A. Hela cells transfected with two rounds of control, clathrin-heavy chain or AP2 siRNA for 4 d were collected for immunoprecipitation with anti-Atg16L1 antibody (IP). Western blot for total lysate (bottom) and IP (top) were performed using anti-Atg16L1 and anti-clathrin antibodies. Note the decrease in Atg16L1-Clathrin interaction with AP2 knockdown. Graph shows quantitation of the Atg16L1-clathrin or Atg16L1-AP2 with control, clathrin-heavy chain or AP2 knockdown from two independent experiments. B. HeLa cells transfected for 24 h with Flag-tagged wild-type Atg16L1, GFP-PLC(PH) together with empty vector (Control) or dominant-negative dynamin-II mutant (K44A Dynamin; DN-Dyn) were fixed and analysed by confocal microscopy.
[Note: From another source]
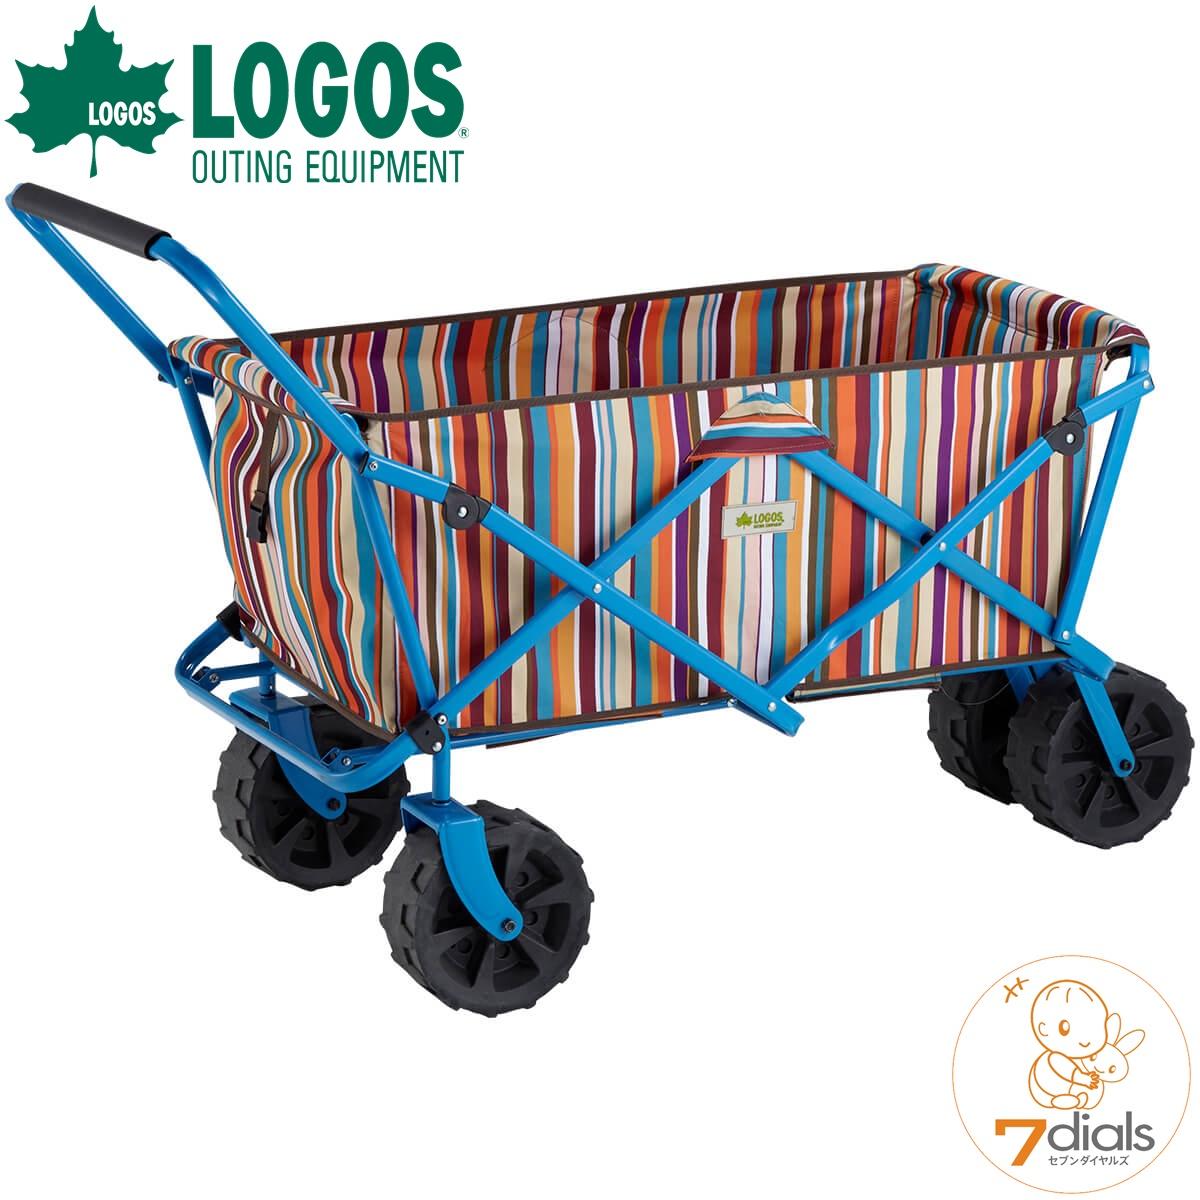 LOGOS/ロゴス (悪路OK)丸洗いストライプ キャリートラック(オレンジ)-AGキャリーカート アウトドア、キャンプ 運動会など荷物をまとめて移動するときに便利 キャリーカート おしゃれ【送料無料】

Note co-localisation of Atg16L1 with PLC(PH) at the plasma membrane which is quantified in the graph. * - p<0.01. Scale bar – 5 μm. n = 20 cells. C. Hela cells treated with HBSS alone or HBSS with 80 μM dynasore for 5 h were collected for immunoprecipitation with anti-Atg16L1 antibody (IP). Western blot analyses for total lysate (TL) and IP were performed using anti-Atg16L1 and anti clathrin antibodies. Note the strong Atg16L1-Clathrin interaction with dynasore treatment. Graph shows quantitation from two independent experiments. All error bars in the graphs represent SEM. D. Representation of plasma membrane contribution to autophagosome precursor formation. Cholera toxin is internalized by clathrin-dependent and clathrin-independent endocytosis. Clathrin knockdown significantly decreases cholera toxin uptake ¹⁵, ²⁶. Clathrin-coated vesicles (CCV) budding immediately from the plasma membrane (EEA1-negative) are precursors to early endosomes (EE) ²⁷ (EEA1-positive). Previous studies showed that delivery of fully formed autophagosomes to lysosomes requires fusion of such autophagosomes with early or late endosomes/multi vesicular bodies (LE/MVB) to form amphisomes, which are Atg16L1-negative, LC3-positive and positive for endosomal markers ¹¹, ¹² (red arrows). We show here that inhibition of clathrin-dependent internalization inhibits formation of early Atg16L1-positive precursors that mature to form phagophores and later autophagosomes (blue arrows). These Atg16L1-vesicles were positive for other early autophagosomal markers (Atg5 and Atg12), but not early endosomal markers (EEA1). AP2 is a clathrin adaptor at the plasma membrane while AP1 localises to TGN and endosomes.